• **PROMPT**: Print, in exact form, the lines below from the one containing "Solargenossenschaft In der Gand 33 Zumikon" through the one containing "Incidenti stradali: un", and omit all others.

• **RECORDS PROVIDED**:
──────────────────────────────

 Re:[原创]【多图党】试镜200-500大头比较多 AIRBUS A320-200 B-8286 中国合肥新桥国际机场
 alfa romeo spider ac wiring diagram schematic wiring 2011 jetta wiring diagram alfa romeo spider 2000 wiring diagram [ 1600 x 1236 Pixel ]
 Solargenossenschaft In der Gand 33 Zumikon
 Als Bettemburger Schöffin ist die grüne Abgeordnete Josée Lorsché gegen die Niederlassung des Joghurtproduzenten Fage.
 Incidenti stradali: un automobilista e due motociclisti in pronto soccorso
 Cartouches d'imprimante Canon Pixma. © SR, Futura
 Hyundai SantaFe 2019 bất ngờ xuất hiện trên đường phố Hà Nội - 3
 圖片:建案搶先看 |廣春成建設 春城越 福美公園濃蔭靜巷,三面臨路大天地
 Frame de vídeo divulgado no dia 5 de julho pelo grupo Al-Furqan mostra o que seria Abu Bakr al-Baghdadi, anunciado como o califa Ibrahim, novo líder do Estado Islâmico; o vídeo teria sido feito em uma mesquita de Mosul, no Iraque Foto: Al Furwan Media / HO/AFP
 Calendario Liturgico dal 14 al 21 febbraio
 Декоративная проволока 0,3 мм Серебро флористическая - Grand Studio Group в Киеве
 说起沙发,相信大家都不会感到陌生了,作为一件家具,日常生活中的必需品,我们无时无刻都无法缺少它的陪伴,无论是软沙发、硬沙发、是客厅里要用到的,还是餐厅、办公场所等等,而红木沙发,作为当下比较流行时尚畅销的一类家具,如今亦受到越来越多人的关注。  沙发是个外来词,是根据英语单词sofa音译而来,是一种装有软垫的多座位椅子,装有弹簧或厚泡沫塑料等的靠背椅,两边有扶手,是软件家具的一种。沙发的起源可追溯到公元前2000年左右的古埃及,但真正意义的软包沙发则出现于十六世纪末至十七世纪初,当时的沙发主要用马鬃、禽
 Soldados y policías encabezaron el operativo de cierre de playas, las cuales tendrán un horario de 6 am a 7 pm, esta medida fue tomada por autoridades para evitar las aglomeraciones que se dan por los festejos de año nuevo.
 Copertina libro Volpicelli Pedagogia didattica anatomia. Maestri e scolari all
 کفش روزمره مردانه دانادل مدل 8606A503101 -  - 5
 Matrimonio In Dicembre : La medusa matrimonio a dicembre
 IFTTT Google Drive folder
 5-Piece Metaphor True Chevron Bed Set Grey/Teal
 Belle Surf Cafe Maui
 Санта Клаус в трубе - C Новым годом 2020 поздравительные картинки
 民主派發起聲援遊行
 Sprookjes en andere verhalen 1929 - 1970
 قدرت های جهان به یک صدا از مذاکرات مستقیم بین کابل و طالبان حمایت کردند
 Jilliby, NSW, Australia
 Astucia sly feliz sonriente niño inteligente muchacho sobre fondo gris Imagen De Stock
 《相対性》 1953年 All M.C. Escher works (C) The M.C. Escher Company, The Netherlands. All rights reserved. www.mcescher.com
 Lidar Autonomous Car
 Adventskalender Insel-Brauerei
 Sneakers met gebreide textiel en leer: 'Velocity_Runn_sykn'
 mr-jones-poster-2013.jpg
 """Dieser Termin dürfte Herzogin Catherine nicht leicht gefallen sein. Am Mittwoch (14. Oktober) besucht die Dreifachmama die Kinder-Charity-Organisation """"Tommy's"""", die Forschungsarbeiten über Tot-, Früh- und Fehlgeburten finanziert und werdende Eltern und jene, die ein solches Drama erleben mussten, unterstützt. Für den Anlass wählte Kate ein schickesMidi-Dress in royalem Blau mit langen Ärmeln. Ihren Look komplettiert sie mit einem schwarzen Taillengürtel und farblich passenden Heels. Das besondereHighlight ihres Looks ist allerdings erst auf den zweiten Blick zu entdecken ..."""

──────────────────────────────

• **WRITTEN SOLUTION**:
 Solargenossenschaft In der Gand 33 Zumikon
 Als Bettemburger Schöffin ist die grüne Abgeordnete Josée Lorsché gegen die Niederlassung des Joghurtproduzenten Fage.
 Incidenti stradali: un automobilista e due motociclisti in pronto soccorso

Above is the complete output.